2.1. Inosservanza o erronea applicazione dell’art. 2 L. n. 69/2005 e dell’art. 3 CEDU, per non avere la Corte d’appello considerato che ai 4 metri quadrati della cella del carcere di Bucarest Rahova, in cui sarà ristretto il ricorrente sia nel periodo di quarantena che in quello di detenzione in regime c.d. chiuso, occorreva sottrarre le dimensioni del letto a castello, che, come si legge nella relazione inviata il 2 febbraio 2024 dall’autorità romena, è di circa 1,80 x 1,80 metri, così che lo spazio disponibile è inferiore ai 3 metri quadrati per detenuto, indicati anche nella sentenza delle Sezioni unite n. 6551/2020 (ric. Commisso).
2.2. Inosservanza o erronea applicazione dell’art. 18 bis della L. n. 69/2005. Premesso che la Corte di appello ha ritenuto ostativo al rifiuto di consegna il difetto della residenza in Italia da almeno 5 anni, il ricorrente ha sostenuto che l’art. 18 bis, comma 2 bis, cit. prevede requisiti autonomi rispetto a quelli indicati nel comma 2 dello stesso articolo, così che può prescindersi dalla permanenza in Italia per 5 anni, al fine di rifiutare la consegna.
CONSIDERATO IN DIRITTO
Il ricorso deve essere rigettato.
Il primo motivo è infondato.
2.1. Deve ricordarsi che la Corte di Strasburgo, nel tentativo di individuare uno standard minimo unitario applicabile in tema di spazio personale dei detenuti in una cella collettiva, ha fatto riferimento alla superficie calpestabile (flo space) di almeno tre metri quadrati per detenuto, tale da consentire ai detenuti di muoversi liberamente fra gli arredi (Corte EDU, 6/11/2009, COGNOME c. Italia; Corte EDU, 10/01/2012, NOME e altri c. Russia; Corte EDU, Grande Camera, 20/10/2016, Muri e c. Croazia).

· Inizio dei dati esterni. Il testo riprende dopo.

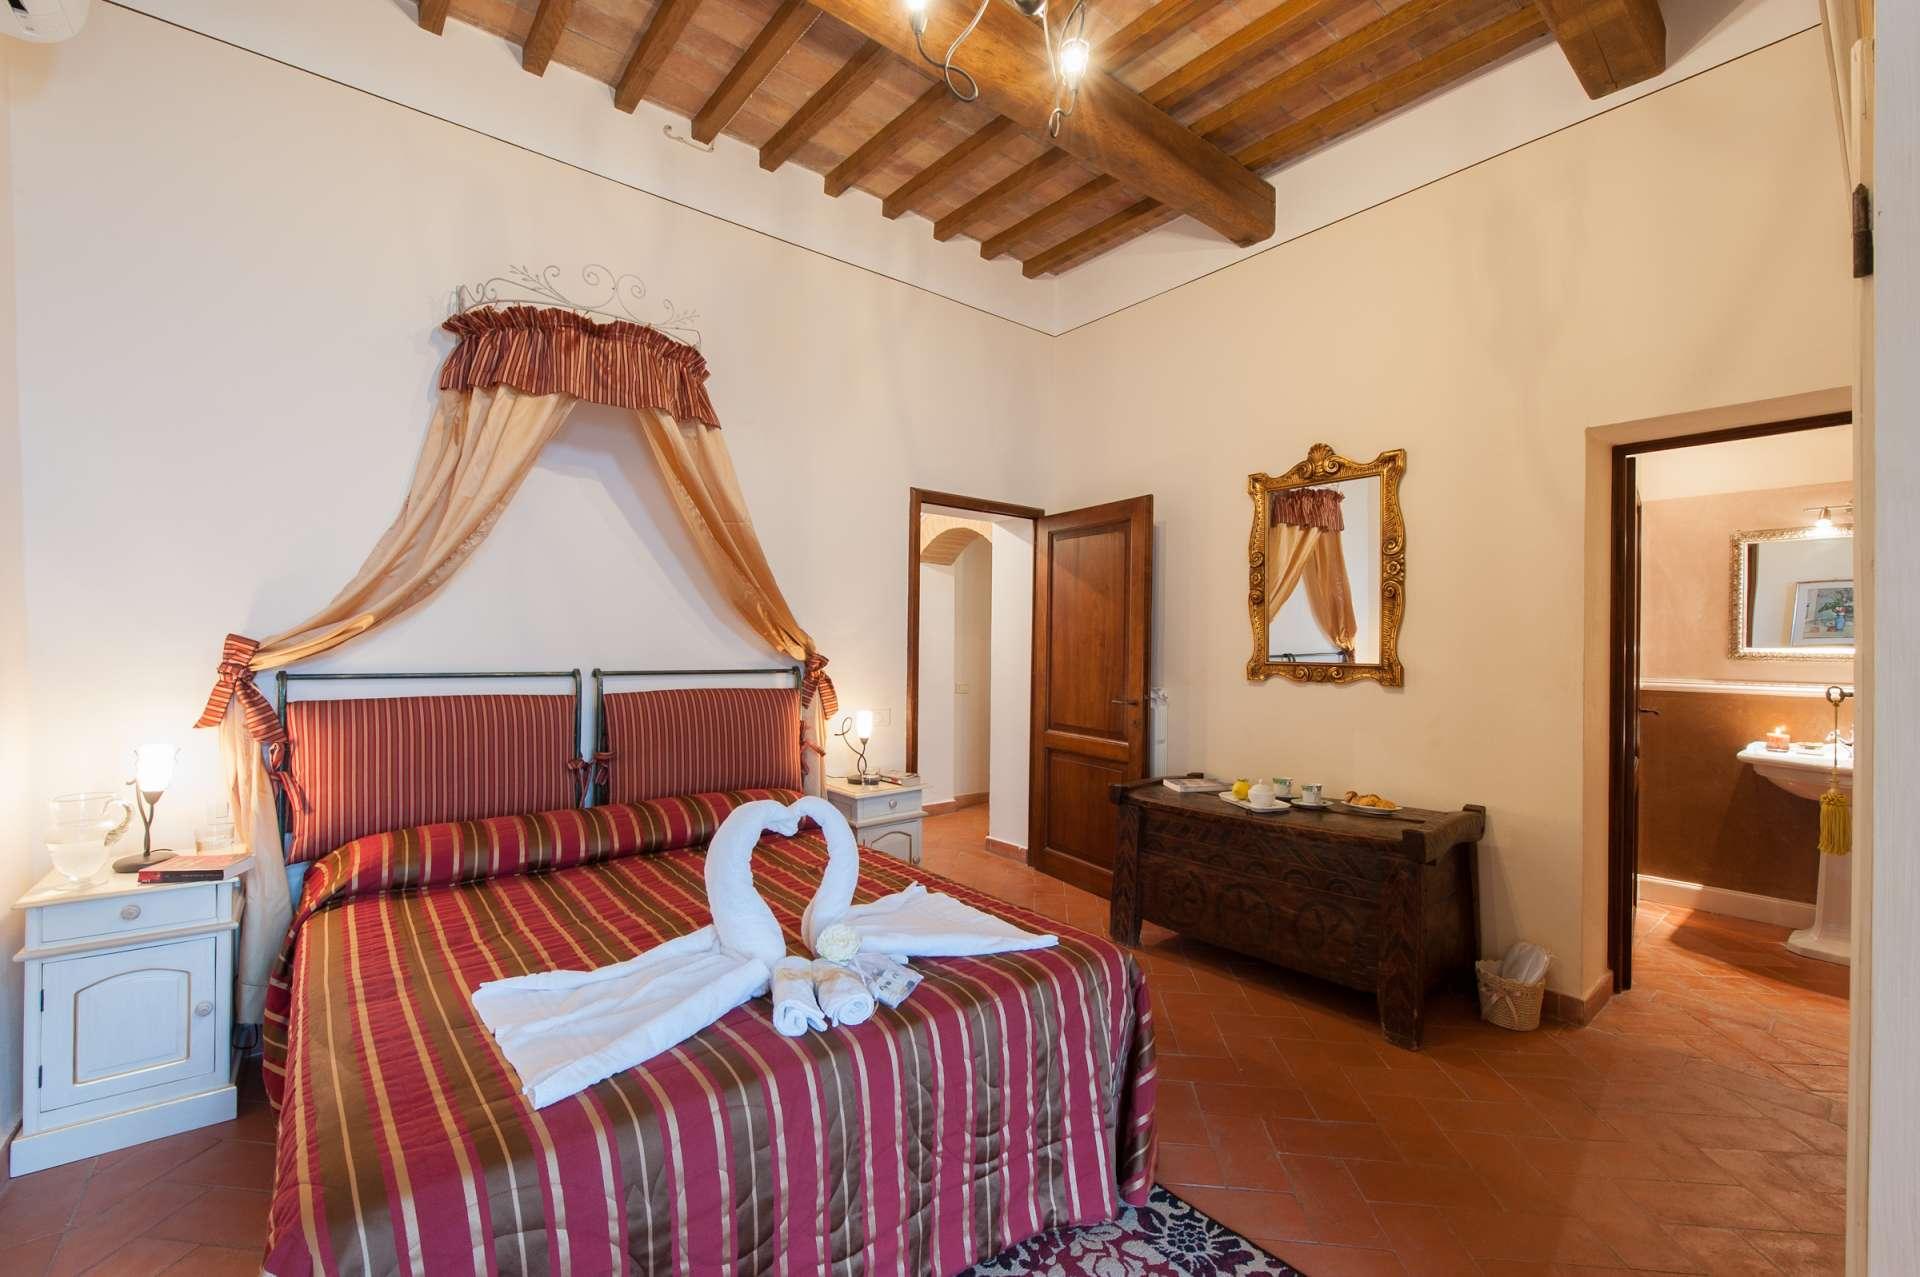 San Leolino 5 Bed Luxury Villa With Pool San Gimignano

Si è affermato, pertanto, che la presenza di uno spazio inferiore a tale soglia minima crea una forte presunzione, sia pure relativa e confutabile dallo Stato interessato, che le condizioni di detenzione integrino un trattamento degradante. Tale presunzione iuris tantum è, infatti, superabile allorché sia dimostrata l’esistenza di fattori, che, cumulativamente, siano in grado di compensare la
mancanza di spazio vitale, quali: a) la brevità, l’occasionalità e la modesta entità della riduzione dello spazio personale; b) la sufficiente libertà di movimento e lo svolgimento di attività all’esterno della cella; c) l’adeguatezza della struttura, i assenza di altri aspetti che aggravino le condizioni generali di detenzione del ricorrente (Corte EDU, Grande Camera, 20/10/2016, Muri c. Croazia).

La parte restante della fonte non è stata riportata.